BookmarkSubscribeRSS Feed
🔒 This topic is solved and locked. Need further help from the community? Please sign in and ask a new question.
robertrao
Quartz | Level 8

Hi,

Please help me in solving this....

HAVE table is what we have and we need to get the corresponding departments for each IN-OUT  pair from the LOOKUP table.

HAVE table can have missing date-times sometimes....for either the IN or OUT in a pair!!!!

basically we need to check to see where out IN-OUT pair falls in  the LOOKUP table and pick the corresponding department

sometimes a person can be having IN from one department and OUT from other department ........

Thanks

HAVE

       ID             IN1                       OUT1                IN2                               OUT2                       IN3                   OUT3 

101  06AUG2013:13:55  06AUG2013:17:14  16AUG2013:17:02  17AUG2013:07:00   29AUG2013:12:28        .

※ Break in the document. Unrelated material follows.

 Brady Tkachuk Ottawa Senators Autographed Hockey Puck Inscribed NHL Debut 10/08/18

102   14AUG2013:11:40  27AUG2013:12:03

LOOKUP TABLE
ID    DEPT        IN                      OUT
101   SO      06AUG13:06:51      06AUG13:14:02
101   SC      06AUG13:14:02      09AUG13:19:18
101  ST       09AUG13:19:18      12AUG13:03:14
101   SM      12AUG13:03:14      13AUG13:12:17
101  ST       13AUG13:12:17      16AUG13:16:54
101   SC      16AUG13:16:54      19AUG13:11:04
101   PN      19AUG13:11:04      22AUG13:07:37
101   PE      22AUG13:07:37      09SEP13:15:20
102   SM      14AUG13:12:08      28AUG13:13:48

    WANT
   ID                   IN1                   OUT1              DEPT_IN   DEPT_OUT
101    06AUG2013:13:55  06AUG2013:17:14   SO               SC
101    16AUG2013:17:02  17AUG2013:07:00   SC              SC
101    29AUG2013:12:28            .                      SC               .
102    14AUG2013:11:40  27AUG2013:12:03   SM            SM

1 ACCEPTED SOLUTION

Accepted Solutions
Vince28_Statcan
Quartz | Level 8

Hi Robert,

I don't have enough time to write the full code but here's a data step approach to do so. However, I still stand by the fact that you should take the time to learn proc sql; It is highly transferable and fairly simple. I managed to self-learn most of all I know reading SAS documentation in a morning at work.

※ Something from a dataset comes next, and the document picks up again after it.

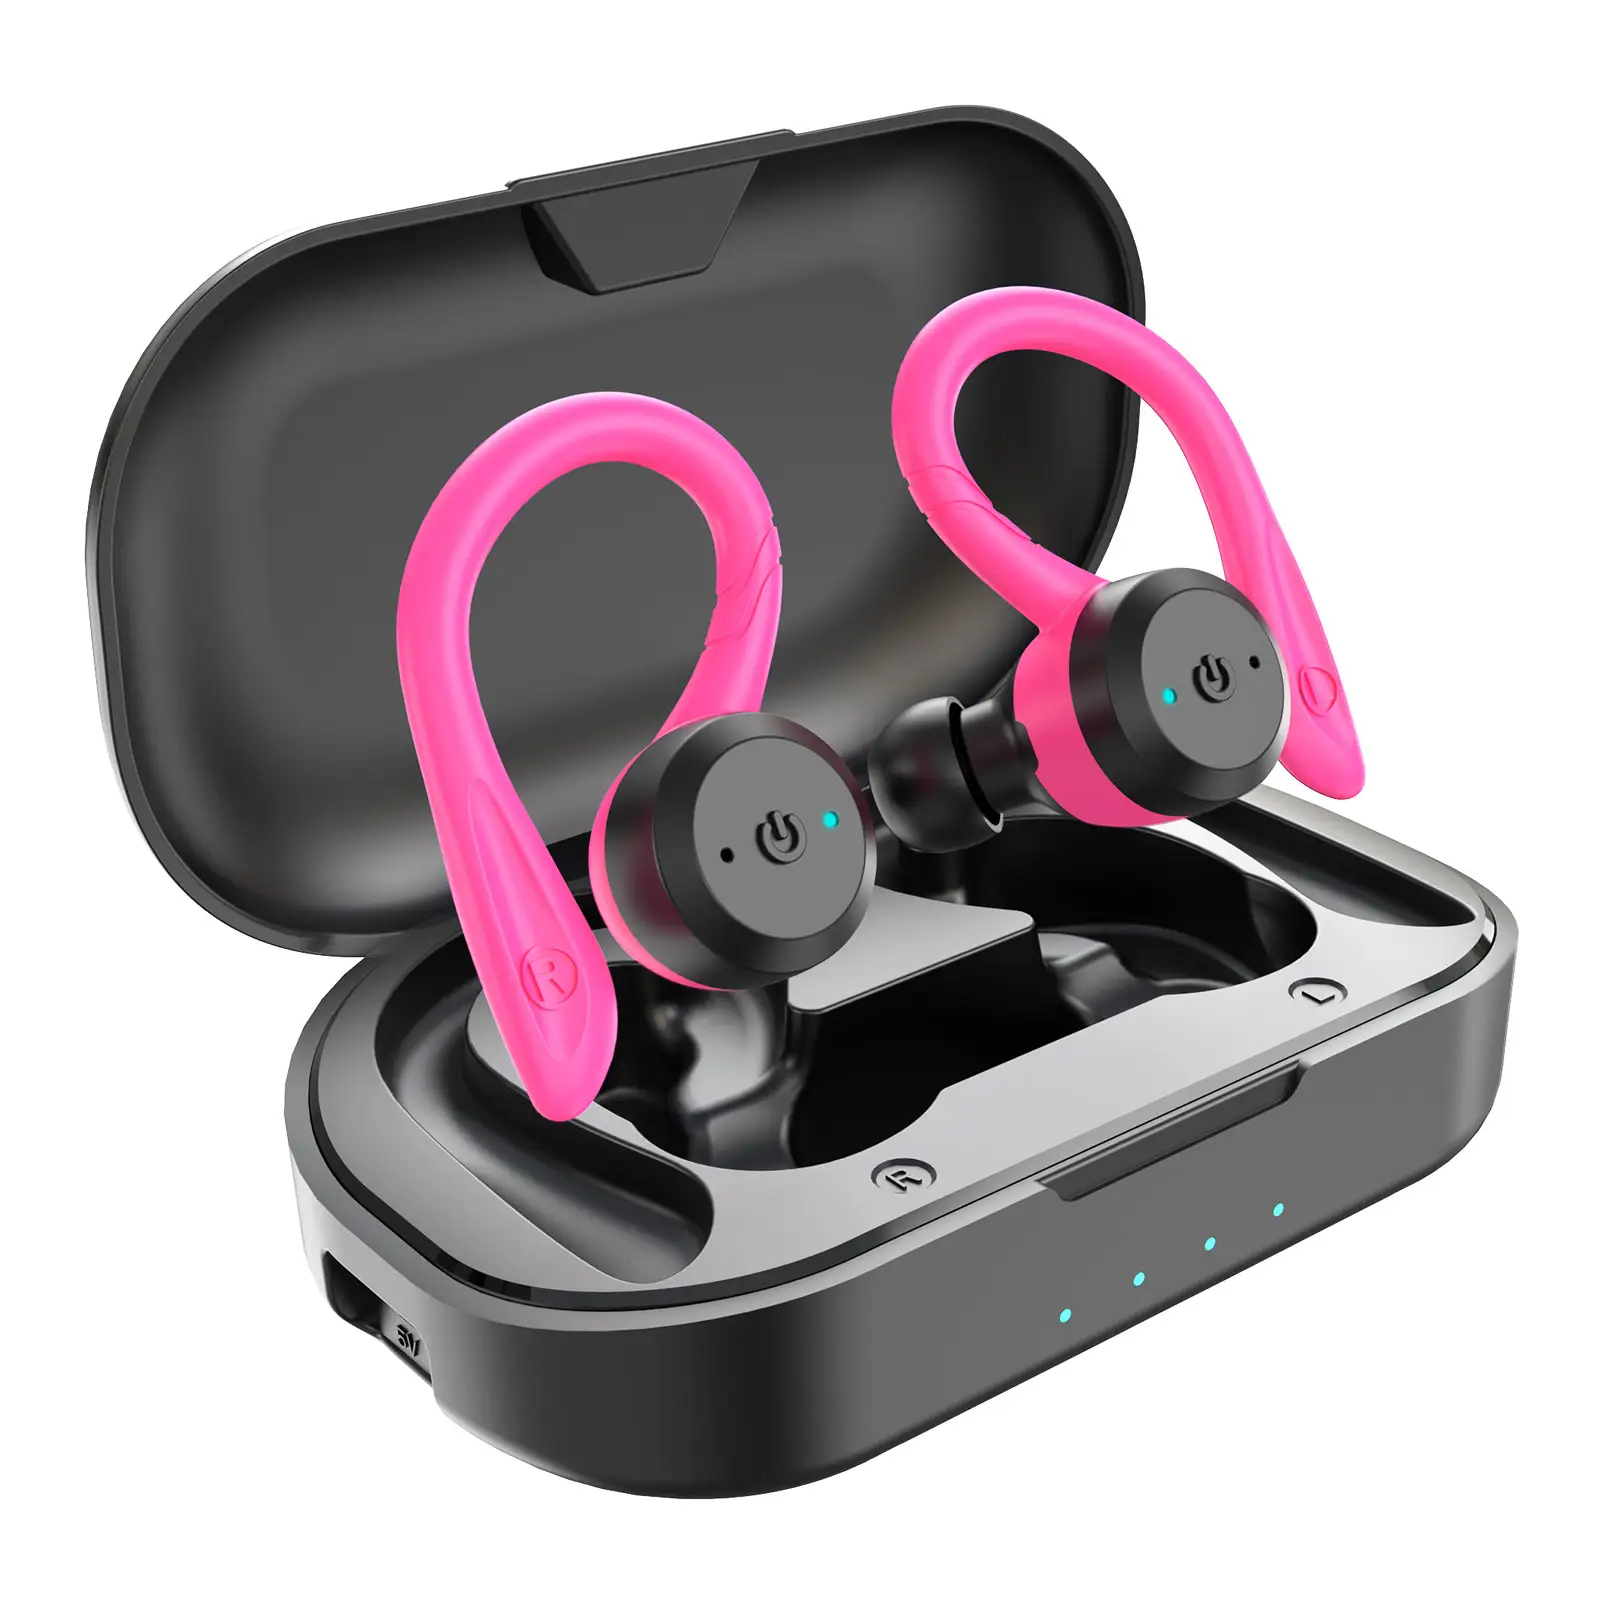 IPod için profesyonel gerçek IPX7 su geçirmez kablosuz kulaklık akıllı Stereo ses Bluetooth kulaklık TWS kulaklık spor kulaklıklar

If I recall Reeza had managed to get you to look into hash tables in another thread so I'll assume you at least know what they're about.

Your desired output can be done within a single data step using 2 arrays with variable ranges, in: and out: (to allow you to loop and output one record for each horizontal entry). The lookup can be achieved with a hash table, where I would rename IN and OUT from your lookup table so as to free the 2 variable names for desired output. You can then either use data step output or a second hash table to store your desired result and use the output method of hash to convert it to a data set.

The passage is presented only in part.